Estamos longe de ter liquidado a Idade Média, a Antiguidade, o primitivismo e de ter respondido às exigências de nossa psique a respeito deles. Entrementes, somos lançados num jato de progresso que nos empurra para o futuro, com uma violência tanto mais selvagem quanto mais nos arranca de nossas raízes. Mas é precisamente a perda de relação com o passado, a perda das raízes, que cria um tal “mal estar na civilização”, a pressa que nos faz viver mais no futuro, com suas promessas quiméricas de idade de ouro, do que no presente, que o futuro da evolução histórica ainda não atingiu.

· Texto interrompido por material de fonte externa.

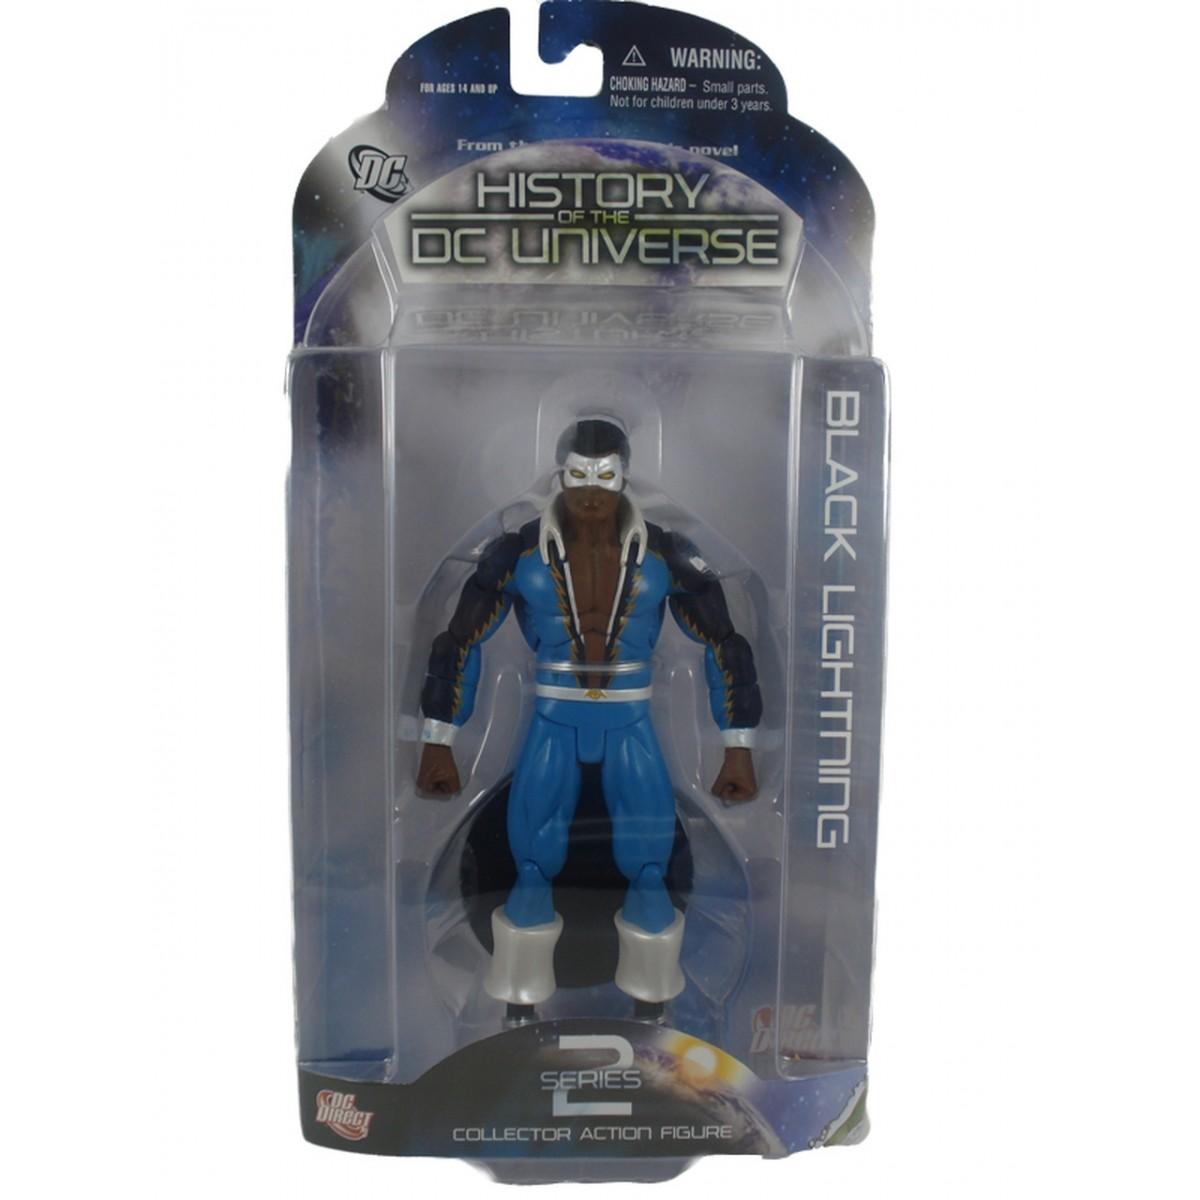 Boneco Raio Negro (Black Lightning): History of the DC Universe Series 2 - DC Direct

Precipitamos-nos desenfreadamente para o novo, impelidos por um sentimento crescente de mal-estar, de descontentamento, de agitação. Não vivemos mais do que possuímos, porém de promessas; não vemos mais a luz do dia presente, porém perscrutamos a sombra do futuro, esperando a verdadeira alvorada. Não queremos compreender que o melhor é sempre compensado pelo pior. A esperança de uma liberdade maior é anulada pela escravidão do Estado, sem falar dos terríveis perigos aos quais nos expõem as brilhantes descobertas da ciência. Quanto menos compreendemos o que nossos pais e avós procuraram, tanto menos compreendemos a nós mesmos, e contribuímos com todas as nossas forças para arrancar o indivíduo de seus instintos e de suas raízes.

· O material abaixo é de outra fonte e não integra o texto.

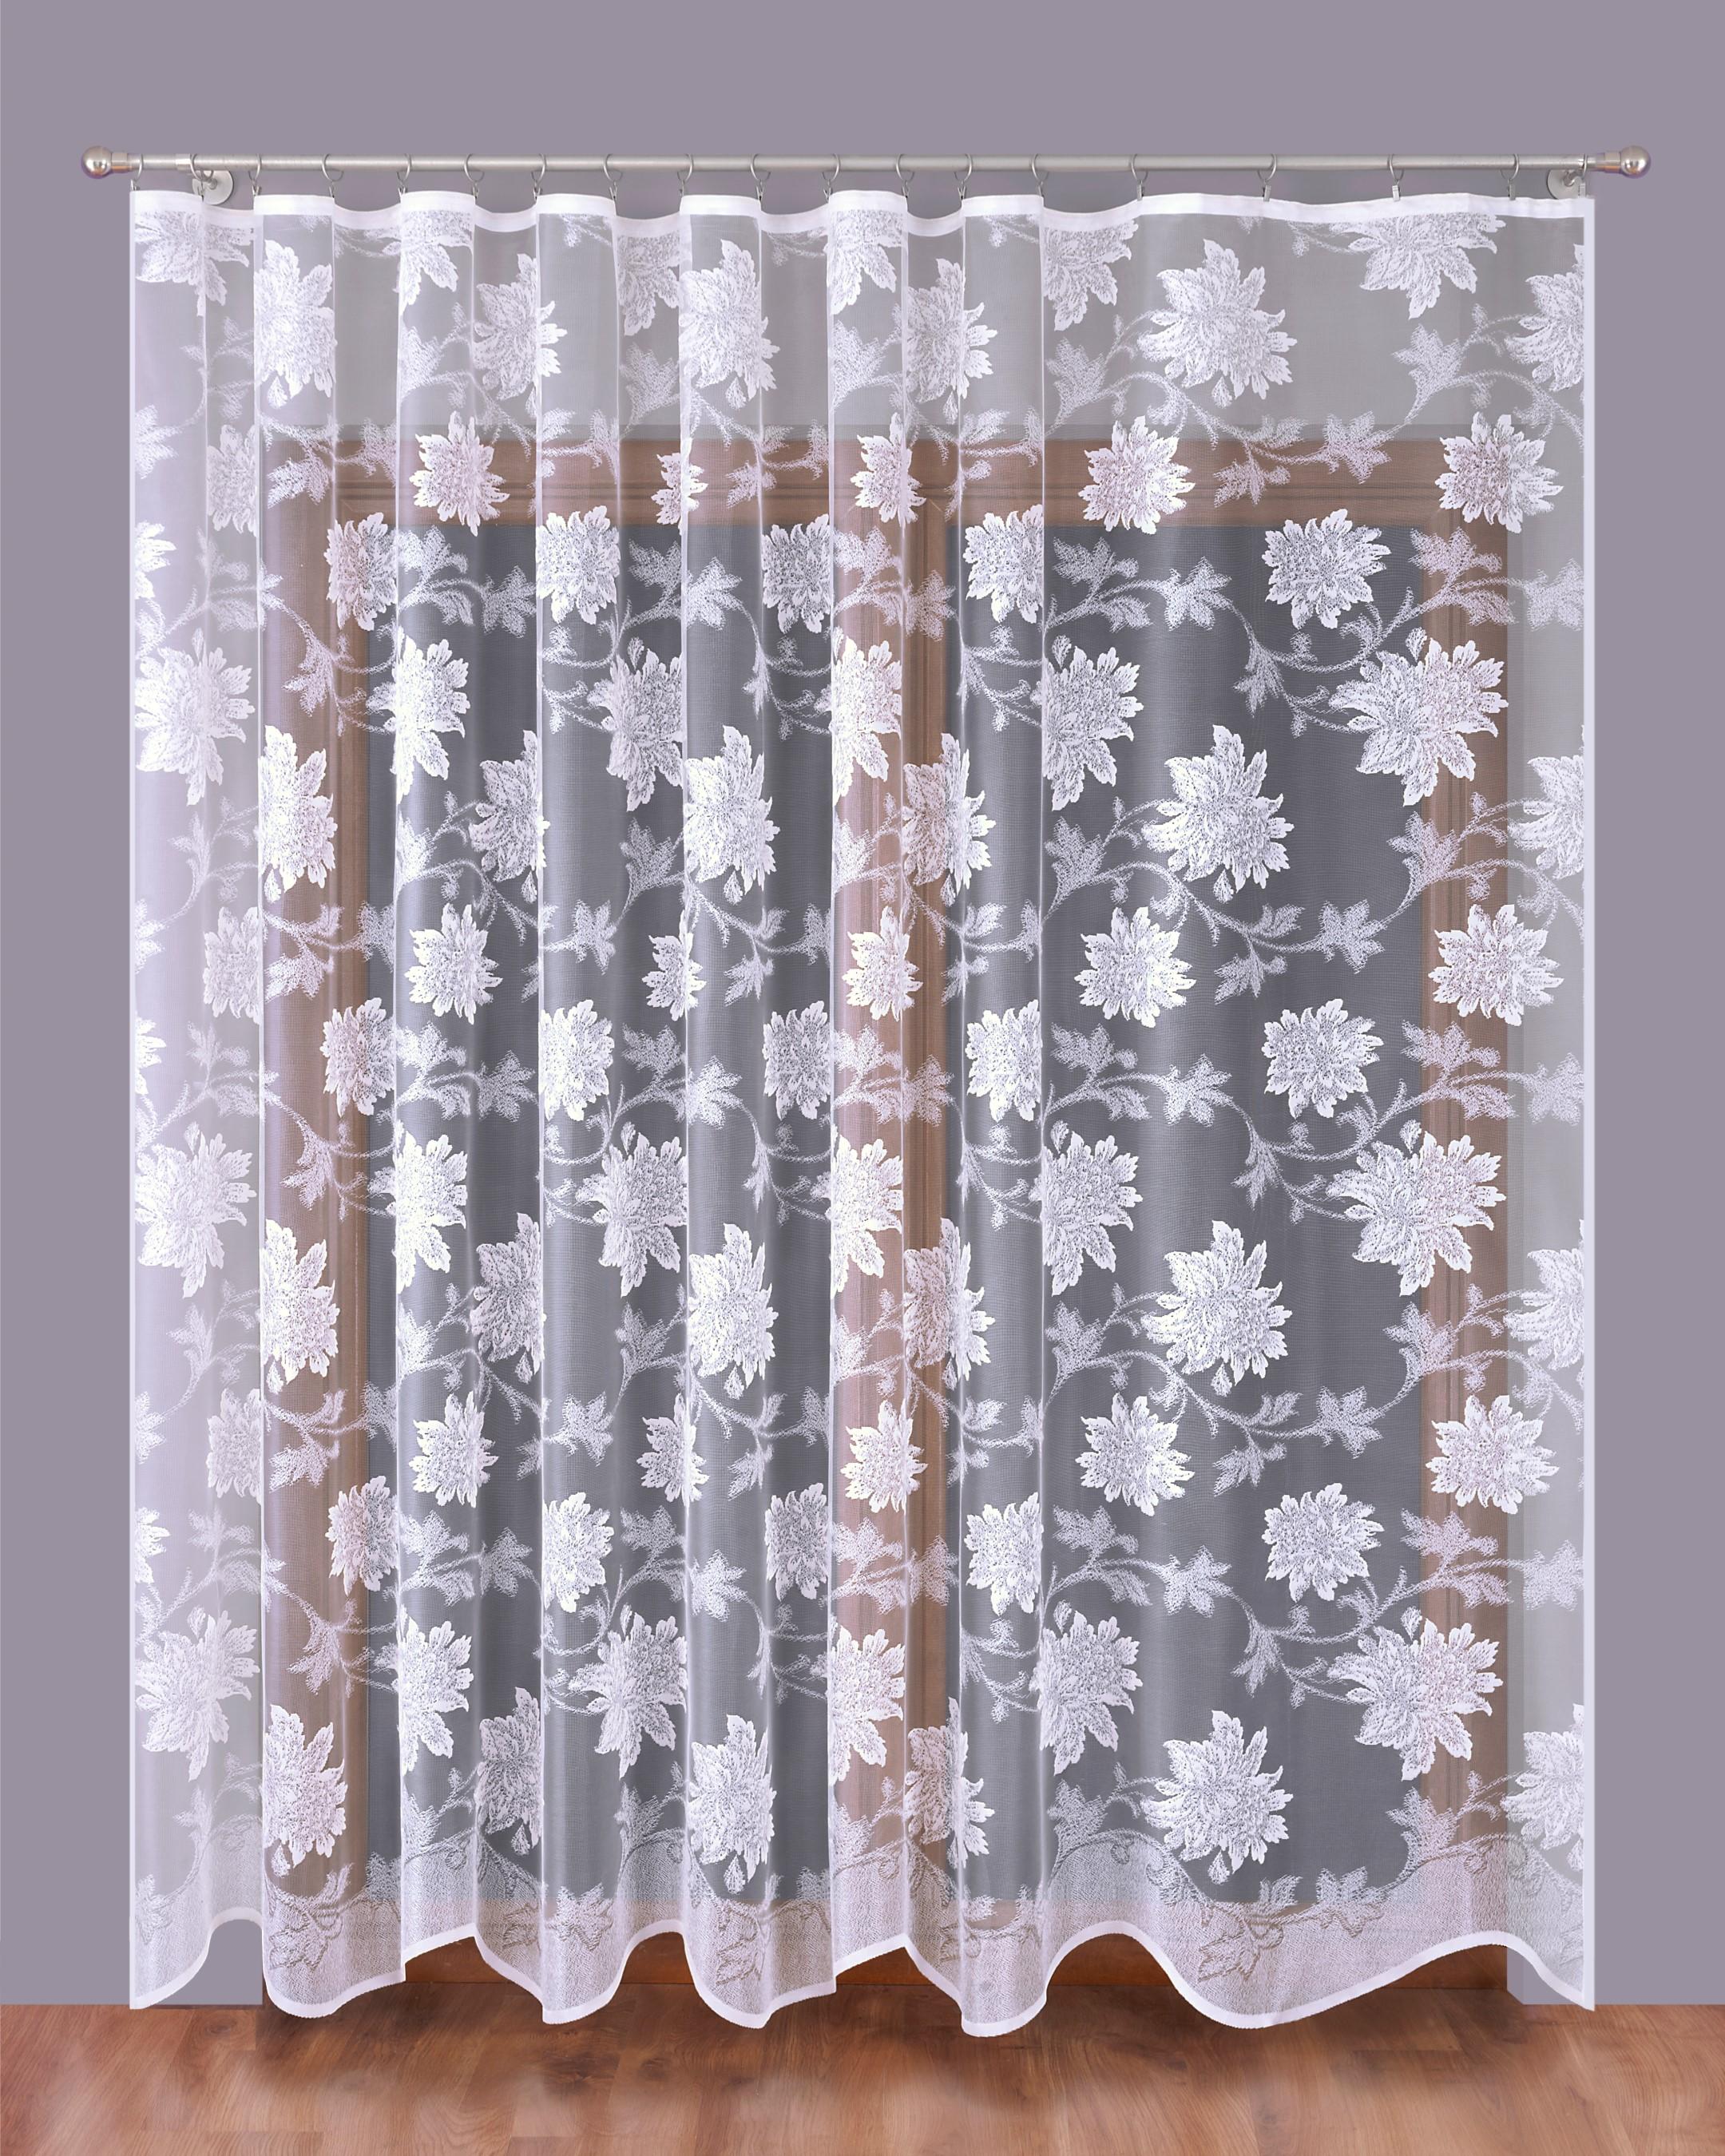 Шторы Primavera Классические шторы Larry Цвет: Белый шторы primavera классические шторы larry цвет белый

O que concluir enfim, senão que somos incapazes de cancelar o conteúdo primitivo de nossa psique. Tentar reprimir esse conteúdo seria um mecanismo de defesa para se evitar o desprazer; sublimá-lo, por sua vez, seria alcançar um nível de satisfação a que, por exemplo, os poetas, em seus versos, estão acostumados a experimentar. As metáforas representativas de seus afetos paradoxais, o artista retira de suas próprias profundezas mentais, tal qual uma bordadeira o faz com a agulha e seu novelo de linha: o intrincado bordado, fruto do exercício de memória, acaba por deixar impresso no tecido toda a expressão de sua divina arte. Do mesmo modo, acontece com o músico que, ao organizar ou criar a partir dos elementos arcaicos ou primitivos de sua psique, presenteia-nos com sua expressiva e divinal sinfonia; sinfonia que ao reverberar nas cordas de nossos corações nos contagia de alegria e beatitude.

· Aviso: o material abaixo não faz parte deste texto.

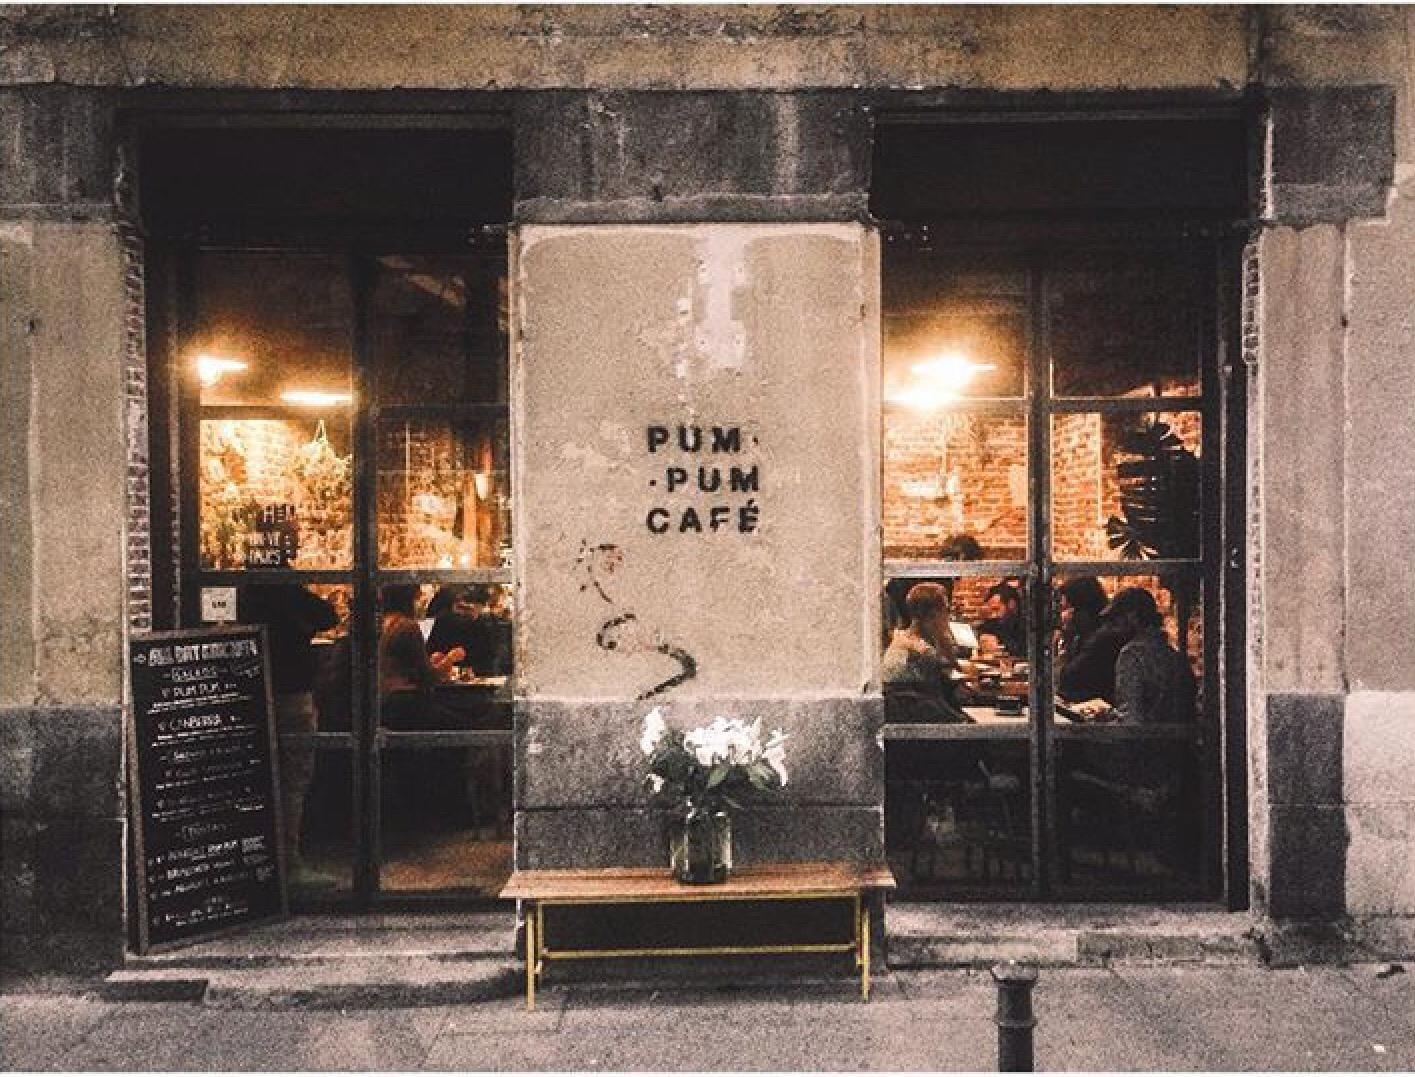 Pum Pum Café: A Work-Friendly Place in Madrid

Mas o que nos reserva o futuro diante do fulminante progresso tecnológico? Para evitar o que se considera “desperdício de tempo”, em nome de um hipotético futuro, o mercado procura tudo massificar, visando exclusivamente o lucro. Tempo é Ouro!. Aqui, você tem tudo de bom sem a necessidade de demorados momentos de reflexão e esforço mental” —, diz o lema estampado e oferecido em suas atraentes embalagens.

O certo é que o passado, a idade média e o que é visto como antiquado, não morre, mas continua arquivado em nossa memória. Ressonâncias da trágica, cômica, feliz, inebriante e melancólica história de nossos ancestrais nunca deixam de fluir em nossa alma. Foi para ficar em paz e harmonia com a natureza e ouvir os ecos e vozes ancestrais do seu “eu” interior, em toda sua plenitude, que Carl G. Jung construiu sua Torre em um local aprazível e evocador das moradas primitivas da humanidade, bem longe da avassaladora modernidade que a tudo liquefaz.

É longe da balbúrdia geral denominada “O Futuro em Suas Mãos” , que se pode escutar a suave melodia que emana de nossas profundezas. Só realizando essa fuga, será possível reviver gratas sensações depositadas e esquecidas nos velhos porões de nossa psique. Só distante do frenesi consumista que a mídia nos impõe é que poderemos, enfim, revisitar prazeres esquecidos na poeira do tempo, coisas sublimes que a agitação do nosso dia-a-dia, em nome de um futuro mecanizado e hostil, inviabilizou.